そうでなくてもエコーの持つ歌唱系スキルの使用条件はその刀身をマイクとして口元に構えなければならず、攻撃に使えない以上今の廉造には反撃の手段が残されていない。
なのに相対する二人の男は廉造を殺そうと殺気まみれに剣を振り乱している。
それらを無視して、大河と海斗へのバフ効果を途切れさせないようにと、廉造は歌い続けている。
この極限状態に精神が耐えられている事が、廉造の凄さだった。
ひとえに子役としてやアイドルとして多くの大舞台に立った事のある廉造のクソ度胸があってこそだ。
剣とジョブが体力の値を向上させる系統で無ければ、とっくのとうに気を失っていてもおかしくなかった。
「いや、悪い悪い。夢中になっちまってた」
「──ひぃっ、ぎゃあああああっ!」
男たちの間からひょこりと顔を出した海斗が、廉造に向かって申し訳なさそうに笑う。
その瞬間に、一人は無言で首と胴体を分かたれ、もう一人は右腕を根本から寸断されていた。
「──ぷはぁっ!! おっっっっっっそいんだけど! 死ぬかと思ったんだけど!!」
汗だくで目を血走らせた廉造が動きを止め、肩で息をしながら両膝に手を置いて蹲った。
「いやお前新記録なんじゃねぇか? よくあんだけ歌えたよな」
「そりゃあ頑張ったさ! 頑張りましたよ! 文字通り必死にね!?」
頬を伝い顎から滴り落ちる汗を右手の甲で拭いながら、ぜぇぜぇと掠れた声で廉造は怒鳴った。
「そう怒るなって。

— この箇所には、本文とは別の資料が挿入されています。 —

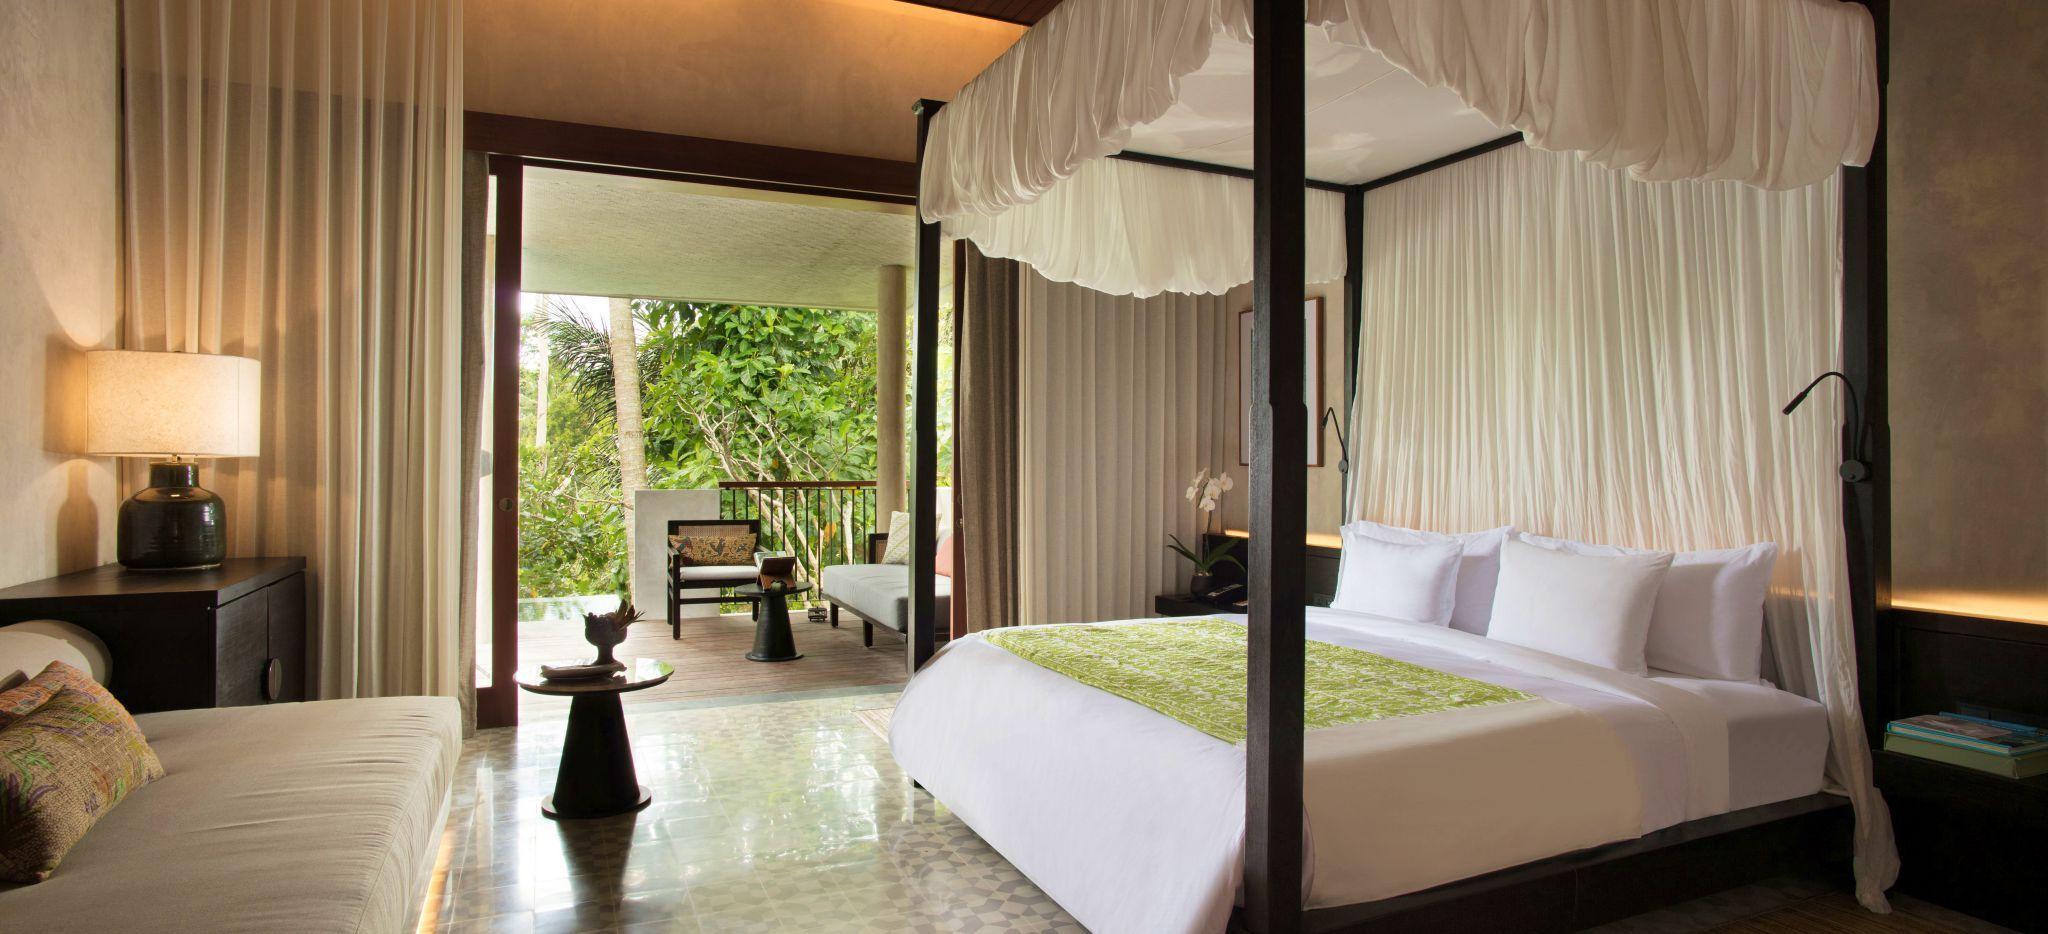 Schlafzimmer des Hotels Alila Ubud mit Blick in den tropischen Garten

お前のおかげでもう終わりそうなんだからよ。ほれ」
海斗が背後にある玄関の先を、振り向かずに突き出した親指で指し示す。
「ぜぇ……ぜぇ……しっかし、本当に二人だけであの人数をやっつけちゃうなんて……ふぅ……ふぅ……兄貴も大河も本当に強いなぁ……」
細かい呼吸から深呼吸へと切り替えて、廉造は息を整えながら玄関の先へと目線を移す。
そこには無様に地べたを這いつくばる松木と、同じく地べたに横たわり、右肩から先を失い涙目で命乞いをする畑瀬──そしてその二人を冷たい視線で見下ろす大河の姿があった。